I'll be keeping one once I start playing. Mainly to post pics and stuff.  Here's the link:

ValerieBlog.tumblr.com/

Should be up and running in about 2 weeks tops.


----------



## Fame (Dec 9, 2012)

Valerie said:


> I'll be keeping one once I start playing. Mainly to post pics and stuff.  Here's the link:
> 
> ValerieBlog.tumblr.com/
> 
> Should be up and running in about 2 weeks tops.



Cool, I added you to the list and followed you ^^


----------



## aikatears (Dec 9, 2012)

http://www.tumblr.com/tagged/animal-crossing-new-leaf
Try that i get most of the nl blogs like that. I have one as well but Waiting on NA release


----------



## mattmagician (Dec 9, 2012)

We have a TBT one, but it's innactive until some of us get the game


----------



## revika (Dec 9, 2012)

What Matt said. I also have my own acnl blog at http://miecrossing.tumblr.com
It's just AC in general right now, but it's going to be my diary of the game when it's released.  Just trying to build up a follow-base right now.


----------



## Fame (Dec 9, 2012)

revika said:


> What Matt said. I also have my own acnl blog at http://miecrossing.tumblr.com
> It's just AC in general right now, but it's going to be my diary of the game when it's released.  Just trying to build up a follow-base right now.

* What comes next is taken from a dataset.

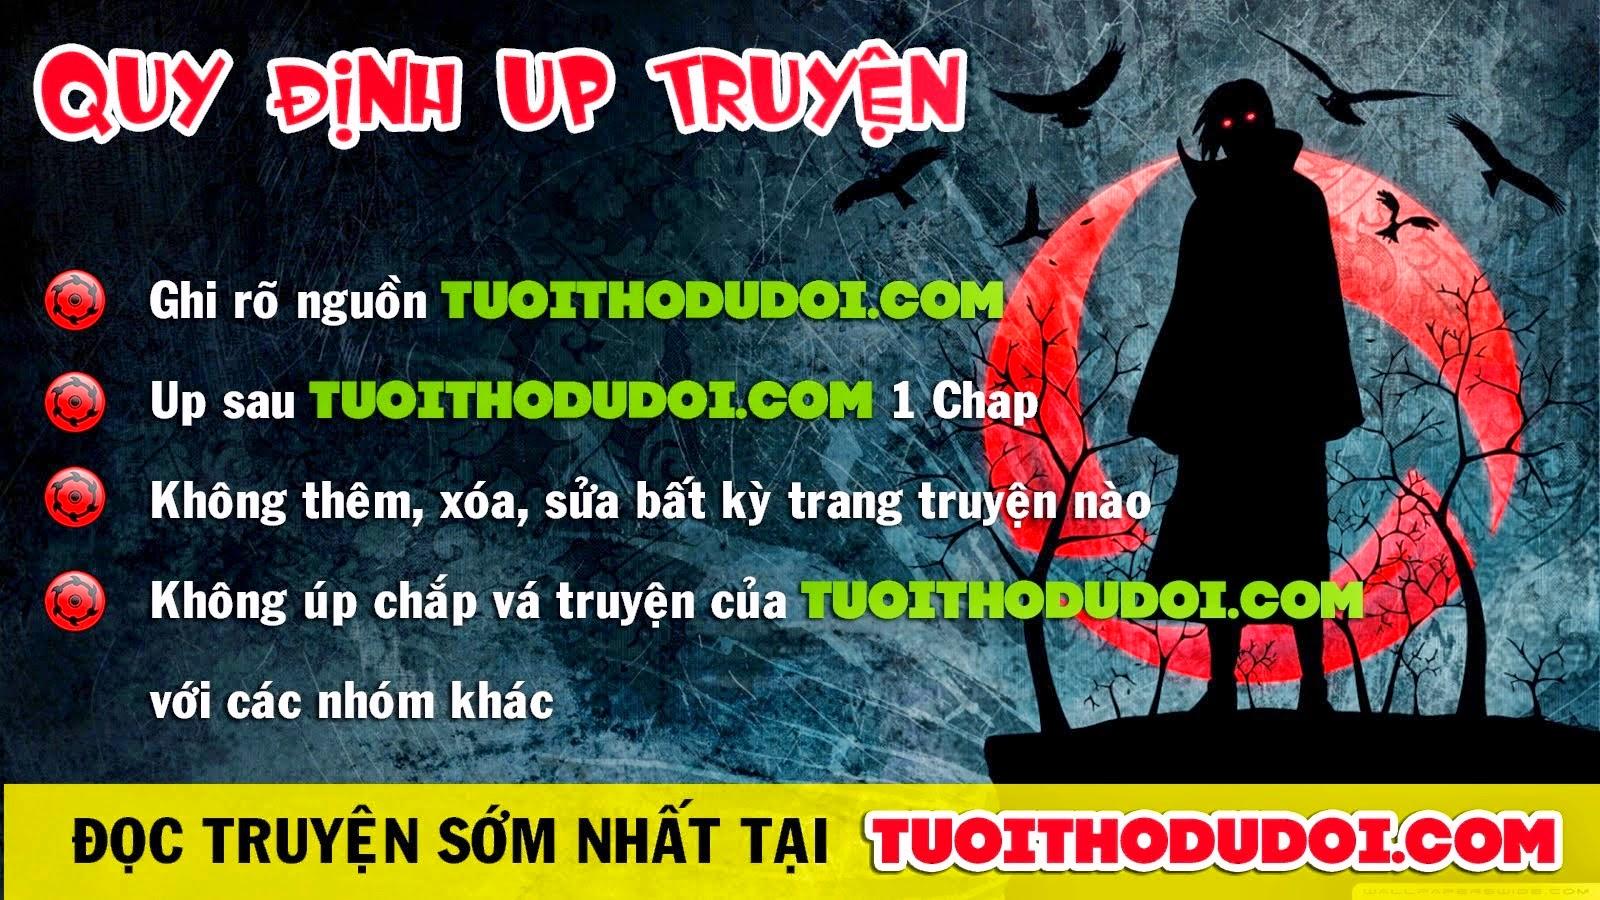 TruyenHay.Com - Ảnh 1 - Lam Sí Chap 29

Followed and added to the list ^^


----------



## Stevey Queen (Dec 9, 2012)

I have a blog. It's just animal crossing and animal crossing wild world right now but it will be all new leaf when i get it. Just click the Tumblr link in my signature.


----------



## Fame (Dec 9, 2012)

Lovemcqueen said:


> I have a blog. It's just animal crossing and animal crossing wild world right now but it will be all new leaf when i get it. Just click the Tumblr link in my signature.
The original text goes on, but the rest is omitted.